In the last few weeks the
pundits are questioning the viability of investing in equities. As a
result of the financial crisis, equities and real estate are down 30-50%, while
US government bonds (Treasuries) have had strong positive returns.
Furthermore, the pundits say that over the last 10 years the performance for
equities is now below that of bonds. (Keep in mind that when they speak about equities,
they are speaking about the S&P 500, which is only one investment category.)
They ask: Why take on the
additional risks of equities when you don’t even get rewarded over a
longer timeframe of, say, 10 years? Why
not buy Treasuries and decrease your
risk, uncertainty, and stress and still make as much money as you would in
equities?
While
Treasuries might appear to be the safe haven, buyer beware!

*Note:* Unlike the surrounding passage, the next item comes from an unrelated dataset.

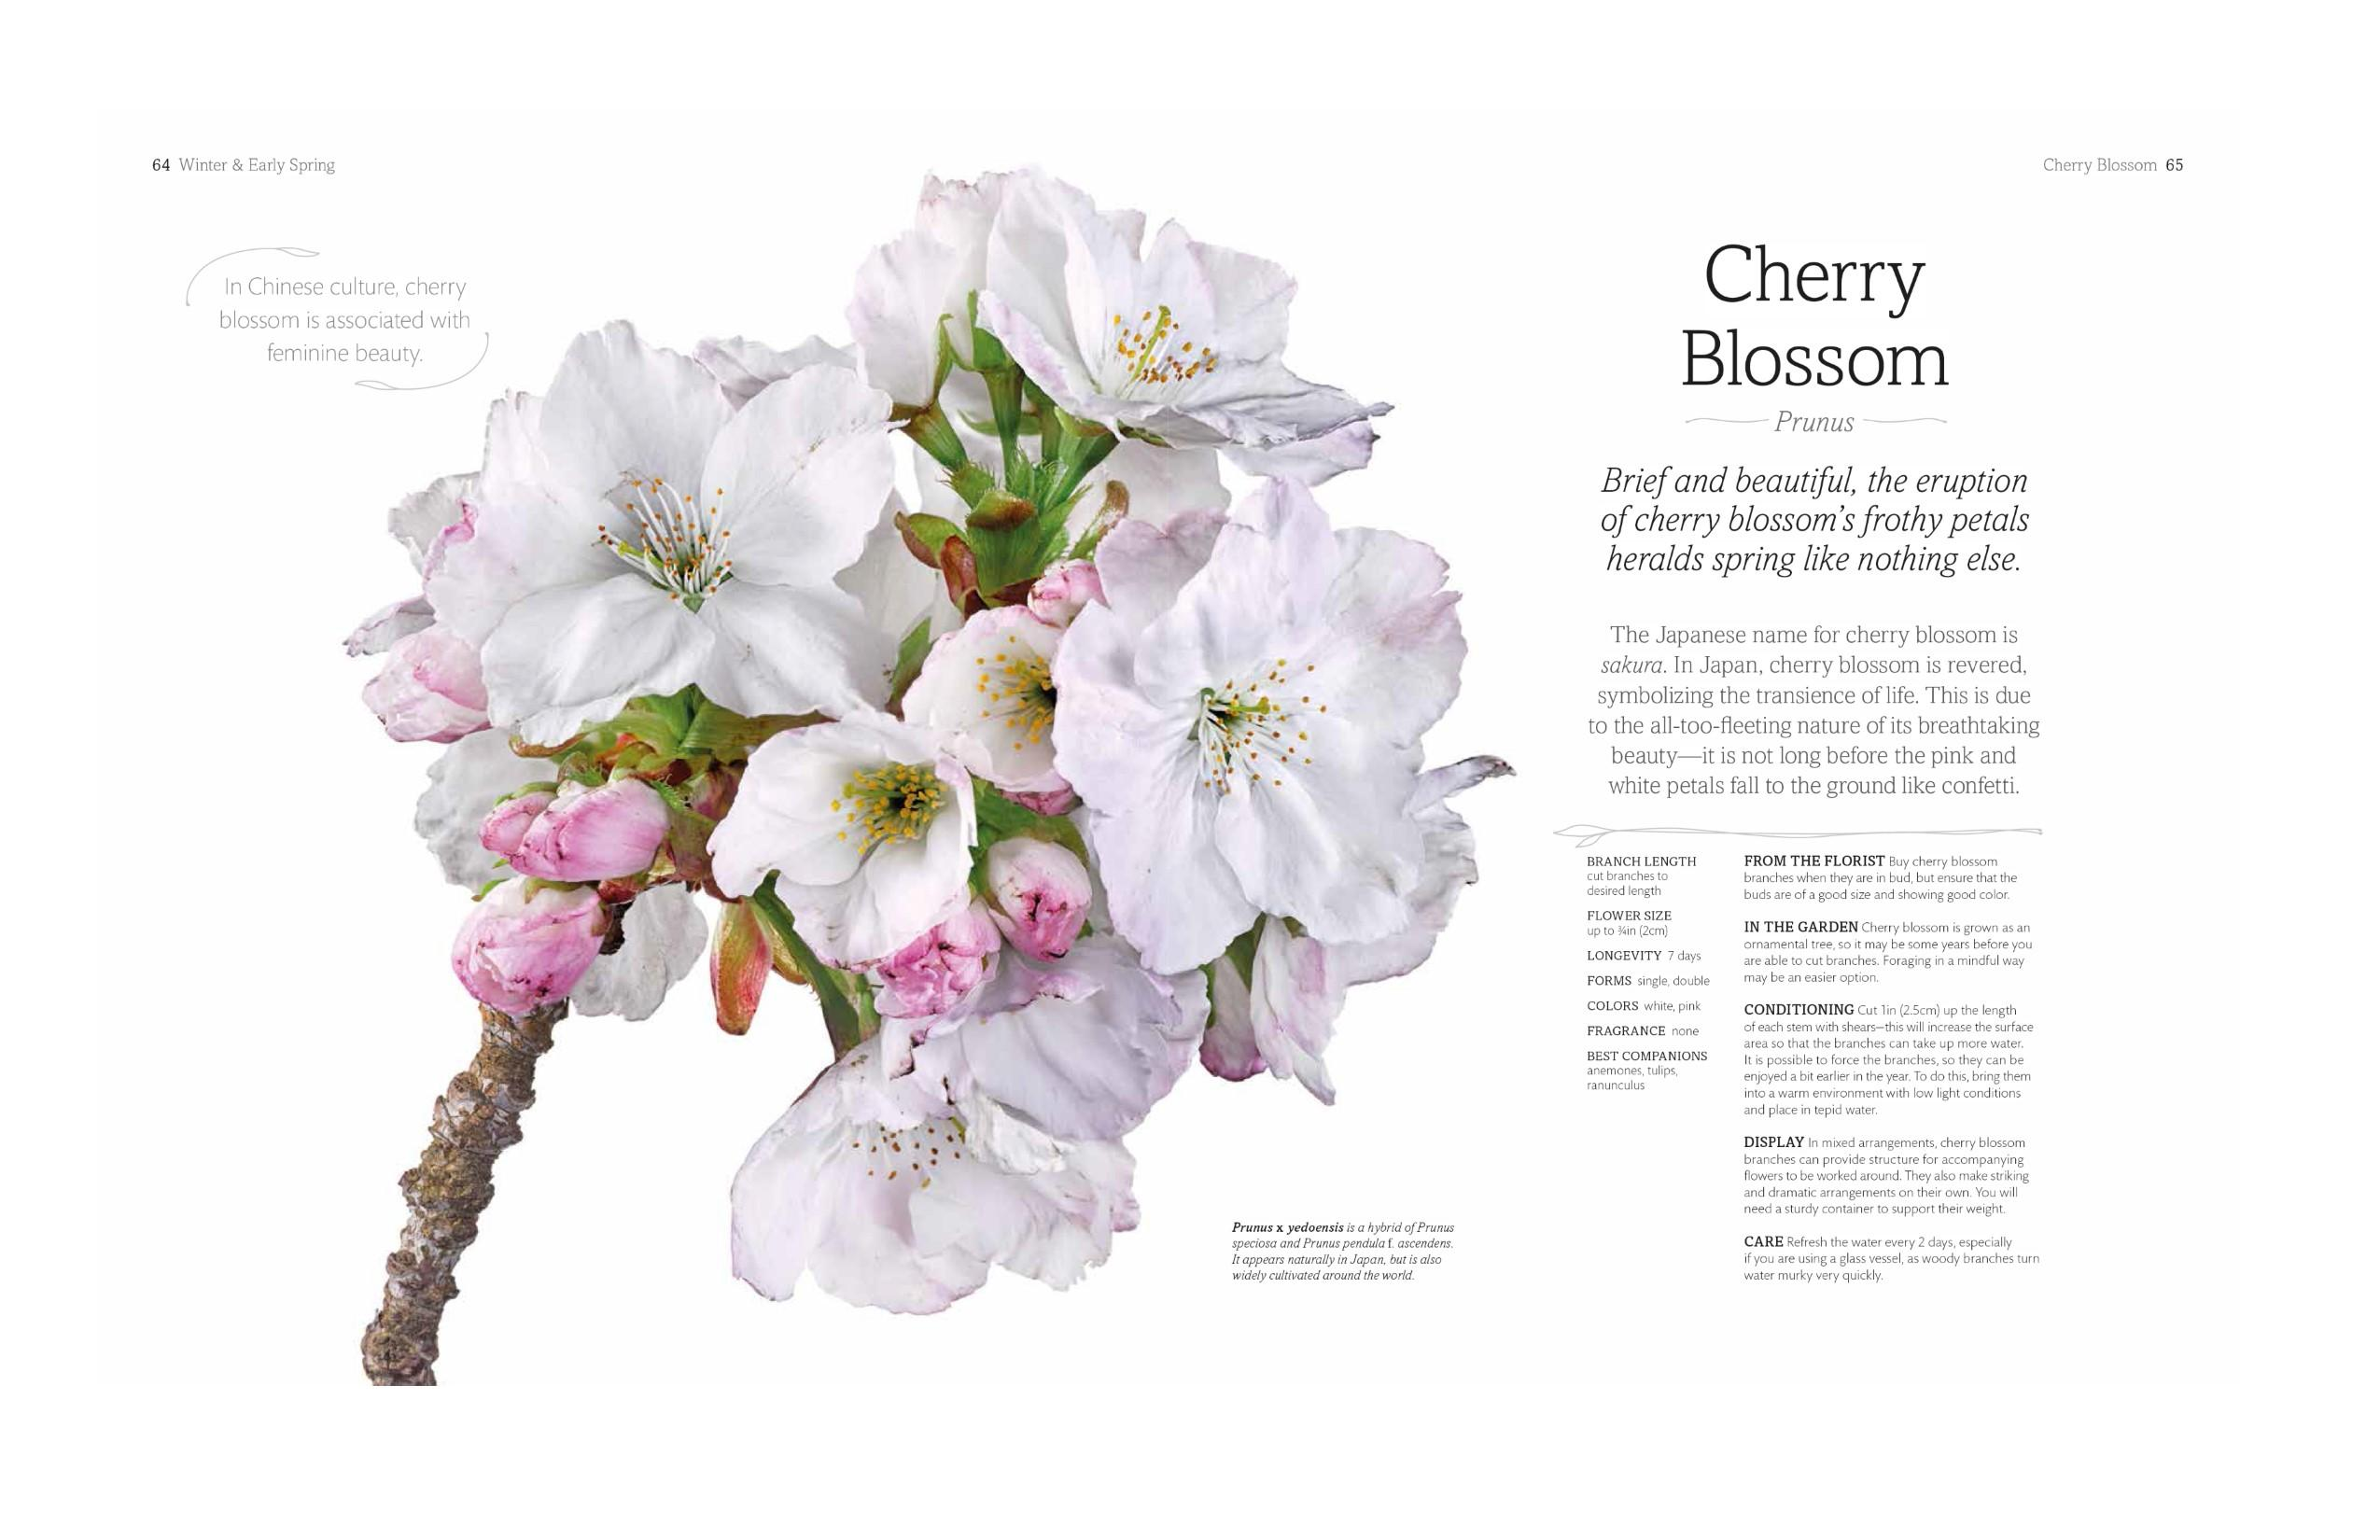 The flower book rachel siegfried 9781465445483 amazon books view larger izmirmasajfo

At this point in time, the
expectation for Treasuries is that they will do much worse than equities in the
coming years. Treasuries are also vulnerable to inflation (which is becoming a
more likely possibility). Therefore, a bond-only portfolio is far riskier
than we might think.
There are two important rules in
investing:
1) Buy low, sell high.
(Bonds are at an all-time high, stocks are at an all-time low. Your
choice is simple.)
2) Diversify. (The
only people who have lost all their money have been those concentrated in just
one or a few investment categories. Diversified investors have never lost
all their money.)
Can people who invest only in bonds lose
everything? Yes, it’s happened before. In Germany in the
1920s, because of hyperinflation, bond-holders lost it all.
Bonds represent only a few of
the many investment categories available in a highly diversified portfolio
(like my Rainbow Portfolio).
Given all the uncertainty today and that no
one can know the future, this is the most compelling time to choose a highly
diversified strategy. It is not the time to put all your money into
Treasuries, or for that matter, into any one investment category.